Ahora, creo que muchos seguirían sin soportarlo, sobre todo aquellos hipócritas que siguen envenenándose un poquito cada vez que, por accidente, se muerden la lengua. Esos que se aburren (un mal común en los infiernos grandes, digo, en los pueblos pequeños) y que en vez de mirarse el ombligo miran el de los demás, porque carecen de valentía. Por eso, no se atreverían a abrir esta novela. Los demás, los que sí nos atrevemos, tenemos difícil cerrarla hasta llegar al punto y final. Porque la vida, la verdad, la realidad, echa un pulso entre sus páginas a la Literatura.

28 de marzo de 2011

Un genio llamado José Saramago

Con su marcha el mundo se convirtió en un lugar más feo. Él, pesimista convencido, no sabía que a mí, con su presencia, con sus palabras, con su compromiso, me había convertido en una optimista convencida. El ser humano no podía ser tan malo si José Saramago formaba parte de él. El ser humano no podía ser corrupto cuando José Saramago hablaba, tranquilo, sereno, con esa lucidez asombrosa que sólo tienen los genios. El ser humano tenía muchas razones para la esperanza cuando José Saramago aseguraba eso de que “la persona más sabia que he conocido no sabía leer ni escribir”. El ser humano recuperaba la capacidad de amar cuando José Saramago hablaba de su eterna compañera, Pilar del Río.

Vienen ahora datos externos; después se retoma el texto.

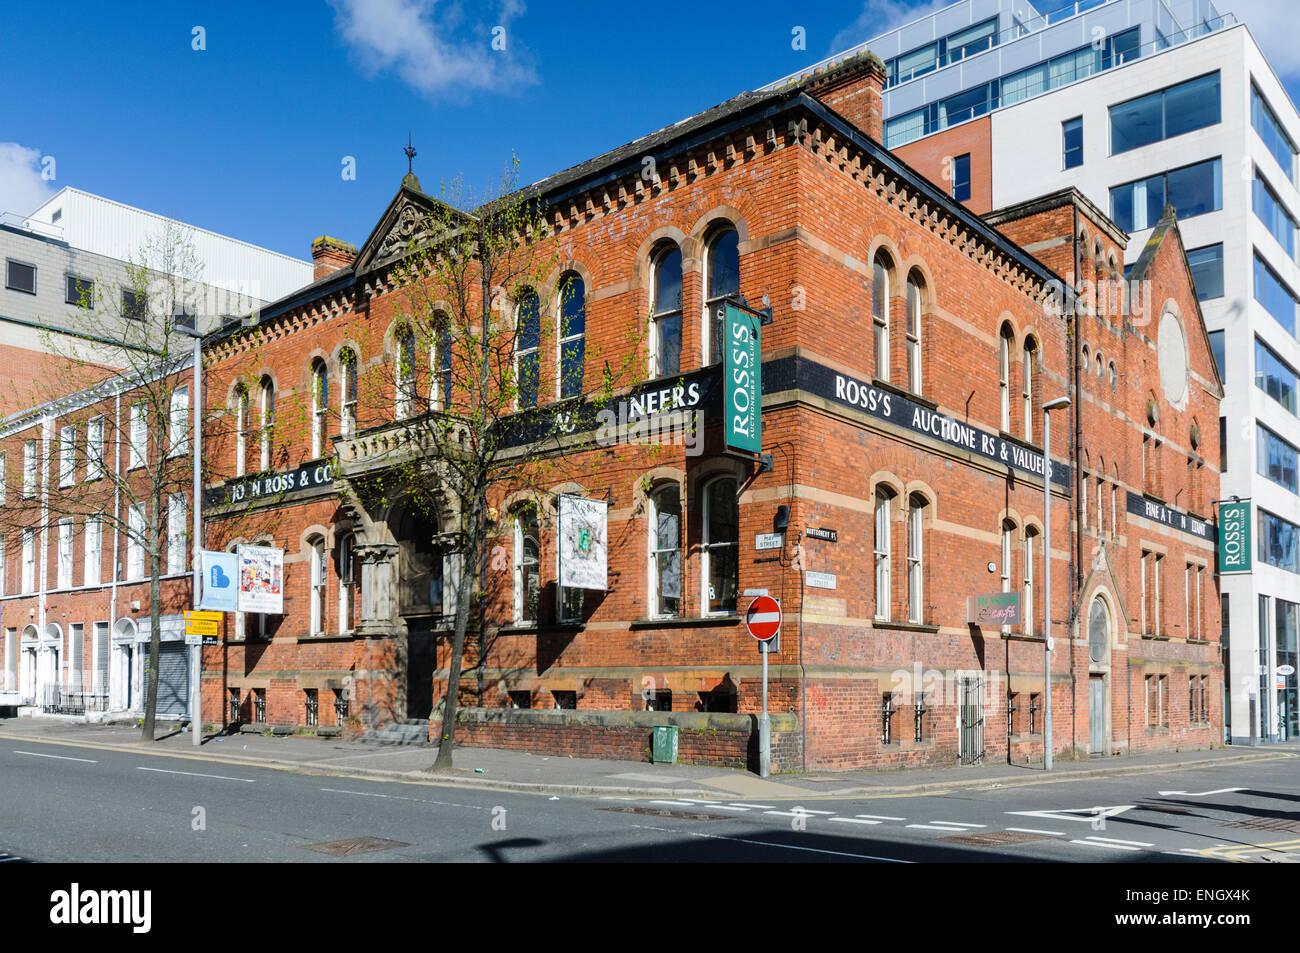 Ross's Antique Auctioneers, Belfast - Stock Image
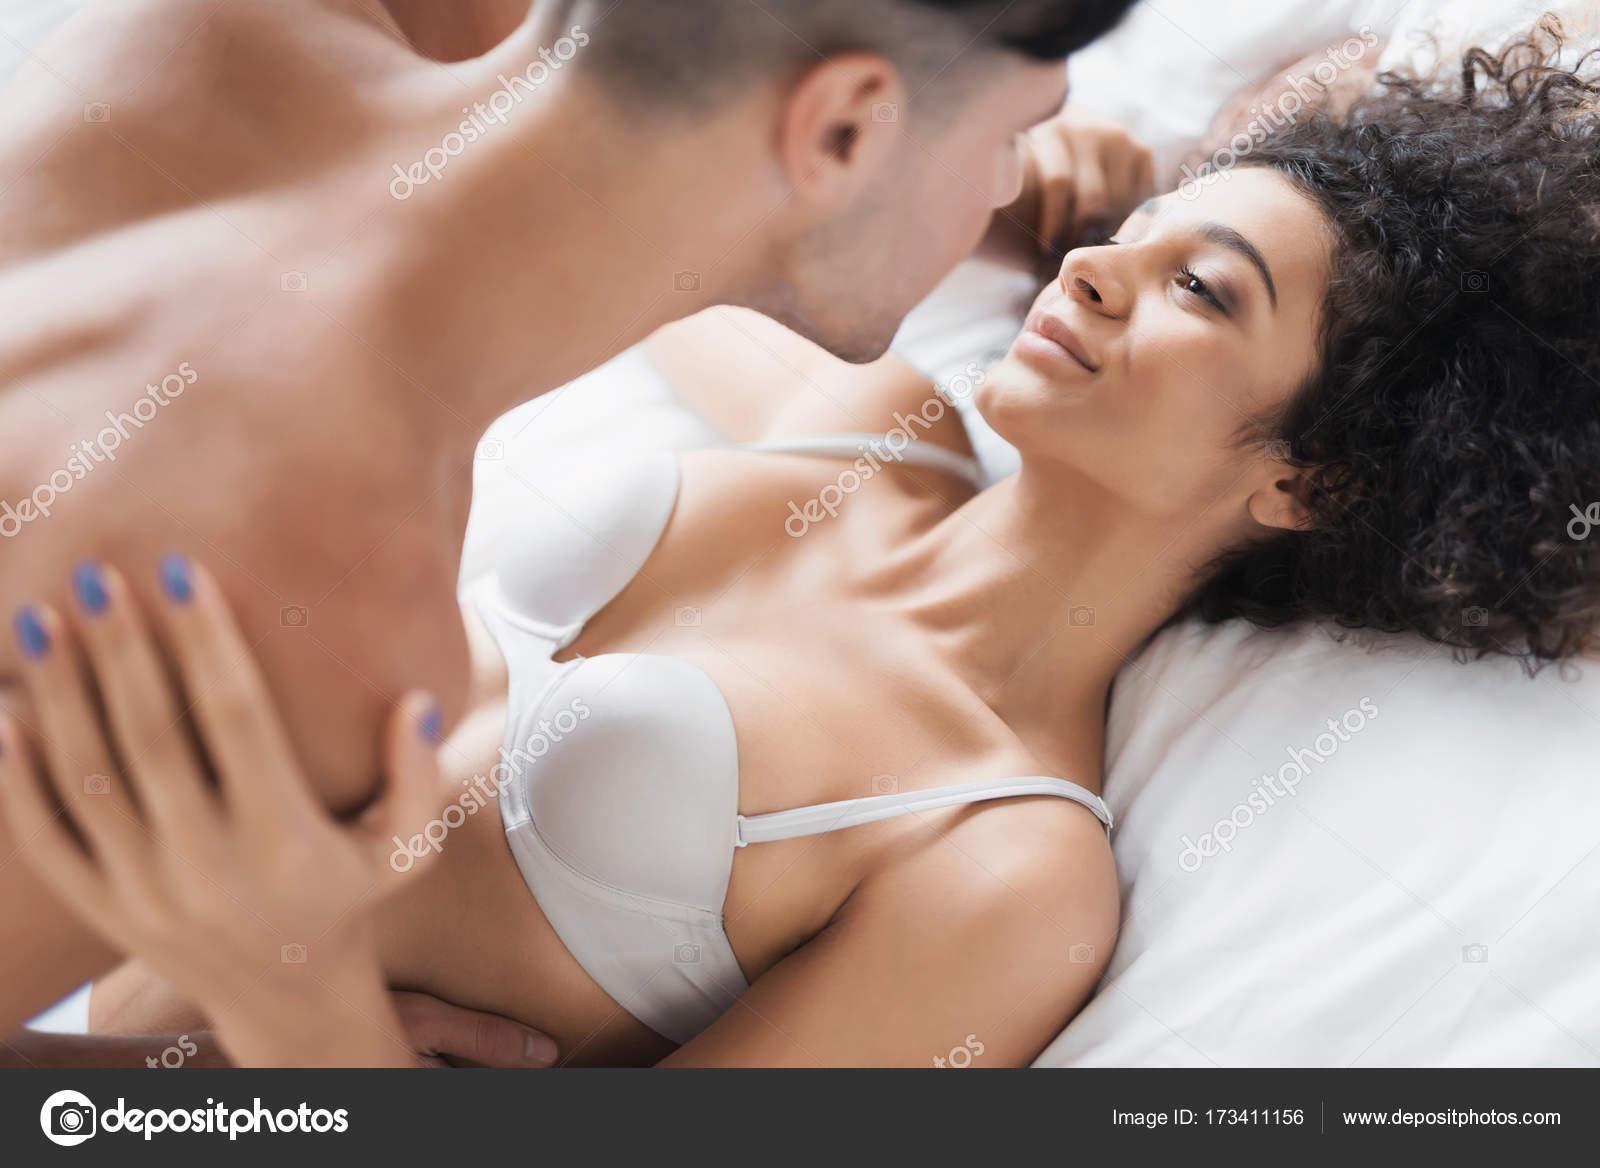 Картинки о любви сексуальности нежности

A veces sigo llorando por alguien que para mí representa tantas cosas… No es sólo uno de mis escritores favoritos, es un referente vital que me ha enseñado tanto sin ni siquiera saberlo… Ya nunca lo sabrá. Pero algún día, dentro de muchos años, les contaré a mis nietos que tuve un abuelo imaginario, que se llamaba José Saramago , un hombre que dejó ciega a la Literatura cuando se marchó para siempre dejándonos un tesoro: la certeza de que es posible recuperar la fe en el ser humano.


A veces no tengo fuerzas para abrir al azar ‘Ensayo sobre la ceguera’, ‘El evangelio según Jesucristo’, ‘El hombre duplicado’ o ‘Las intermitencias de la muerte’. Eso sí, mirar la estantería y saber que siguen ahí, para siempre, me reconforta. Su legado es infinito. Como mi admiración.


Hasta siempre, maestro.

21 de marzo de 2011

Invidente por sensibilidad

Era capaz de emocionarse con las cosas más pequeñas. Muchos pensaban que Jean-Pierre Jeunet se había inspirado en ella para crear a Amélie. Se entusiasmaba si de postre había tarta de chocolate y galletas, si conseguía despertarse antes de que sonase la alarma con un rayo de sol acariciándole la mejilla o si un gato callejero maullaba a su paso cuando caminaba deprisa para llegar puntual al trabajo. Una vez lavó un pantalón vaquero con el metrobús dentro y éste se transformó en un corazón...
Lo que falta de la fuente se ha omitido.